Ce que la note ne voit pas
Un algorithme peut obtenir un excellent score et se révéler, à l'usage, franchement irritant. Il répond juste, mais lentement. Il répond juste, mais de façon incompréhensible pour l'utilisateur qui doit ensuite justifier la décision. Il répond juste dans quatre-vingt-dix-neuf cas sur cent, et se trompe massivement sur le centième, celui qui touche justement les personnes les plus vulnérables du système. Aucune de ces dimensions — la latence perçue, la clarté, la distribution des erreurs — ne tient facilement dans une colonne de tableur.
C'est pour cela que les grilles les plus honnêtes, celles qui essaient réellement d'éclairer plutôt que de trancher, finissent toujours par ressembler moins à un examen qu'à un portrait. Elles acceptent la contradiction : ce système est rapide mais fragile, celui-là est robuste mais coûteux, un troisième est brillant sur l'exception et médiocre sur la routine. Réduire ce portrait à une seule note, c'est gagner en lisibilité ce qu'on perd en vérité.
Le juge a toujours un point de vue
On oublie souvent qu'évaluer suppose de choisir des exemples, et que ce choix trahit une vision du monde. Des questions rédigées par des ingénieurs valoriseront naturellement la rigueur technique. Des questions rédigées par des enseignants valoriseront la pédagogie. Des questions rédigées dans une langue, une culture, un contexte socio-économique donné, avantageront mécaniquement les systèmes entraînés sur des données similaires. Le biais d'évaluation n'est donc pas un accident qu'on corrige en ajoutant plus de tests : il est constitutif de l'acte même de tester, puisque tester, c'est décider par avance de ce qui compte.
Reconnaître cela ne condamne pas l'exercice à l'arbitraire. Cela invite plutôt à traiter chaque score comme une opinion argumentée plutôt que comme un verdict. Une bonne évaluation gagne à afficher sa méthode aussi clairement que son résultat : sur quoi porte-t-elle, qui l'a construite, que laisse-t-elle délibérément de côté. Le chiffre devient alors un point de départ pour la discussion, et non son point final.
Apprendre à lire un classement
Ce qui rend ce genre de dispositif utile, au fond, dépasse largement le monde des algorithmes et de la recherche à la demande. On y retrouve exactement les mêmes pièges que dans n'importe quel système de notation humain : les palmarès d'universités qui façonnent les stratégies de recrutement des établissements plutôt que la qualité de l'enseignement, les indicateurs de performance au travail qui poussent à soigner le tableau de bord plutôt que le travail lui-même, les étoiles laissées sur une plateforme qui reflètent autant l'humeur du client que la qualité réelle du service.

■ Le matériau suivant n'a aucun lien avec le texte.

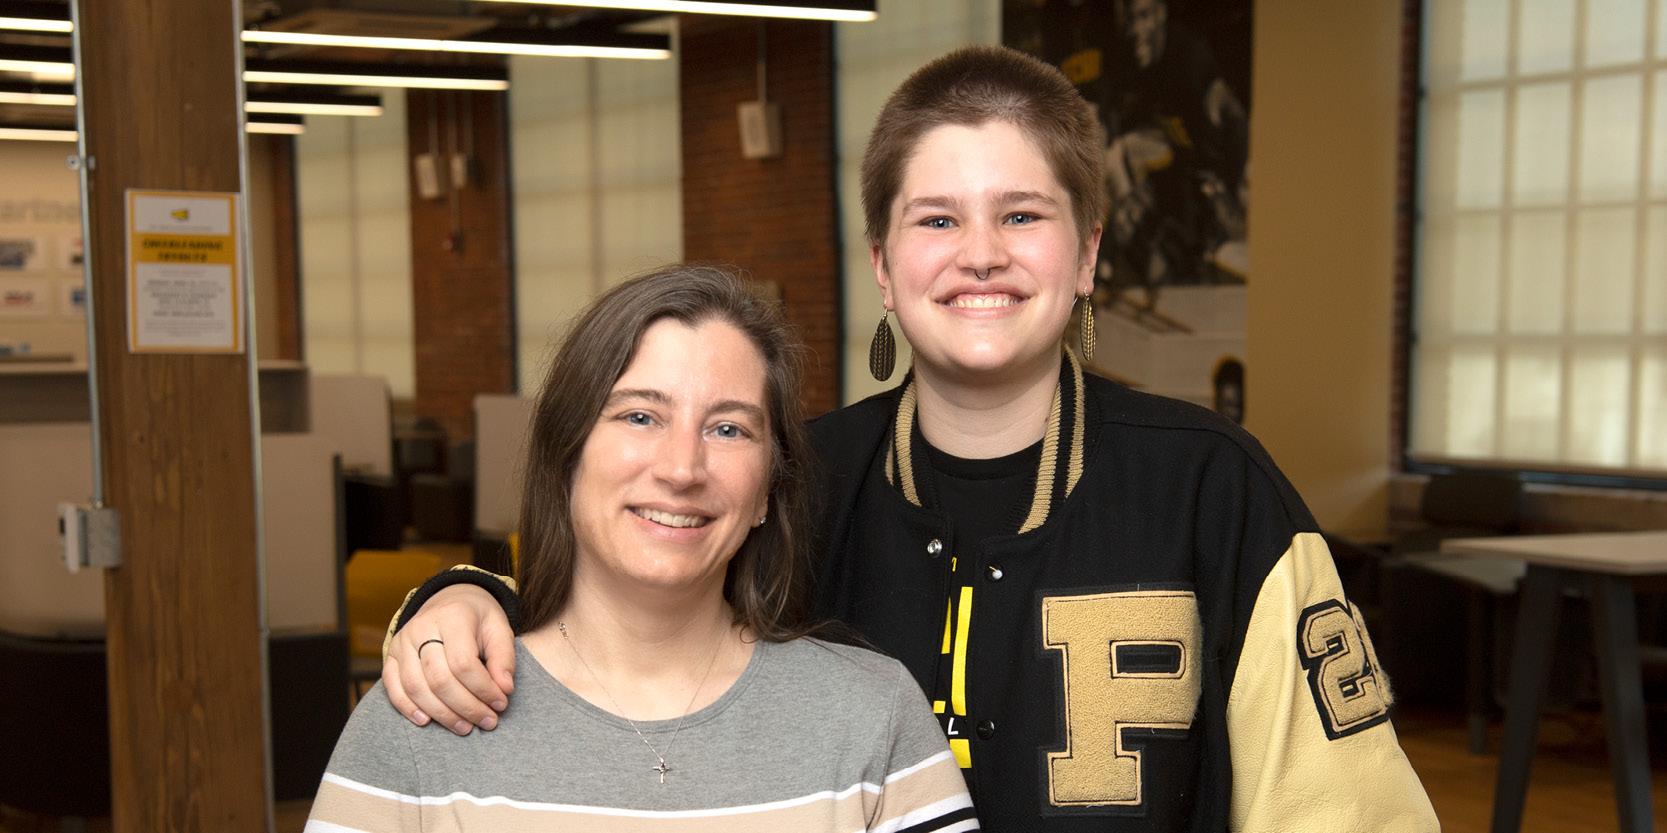 Casady Williamson and daughter Audrey (Purdue University photo)

La leçon commune à toutes ces situations tient en une posture, presque un réflexe : ne jamais prendre un score pour argent comptant sans se demander ce qu'il a choisi de mesurer, et ce qu'il a, par construction, choisi d'ignorer. Un bon classement n'est pas celui qui donne la réponse la plus simple, mais celui qui rend visibles les compromis qu'il a fallu faire pour l'obtenir. À l'heure où les décisions s'appuient toujours davantage sur des systèmes automatisés, savoir lire une note comme on lit un argument — avec ses prémisses, ses angles morts, ses partis pris — devient moins un luxe d'expert qu'une hygiène de tous les jours, comme savoir mesurer son carbone.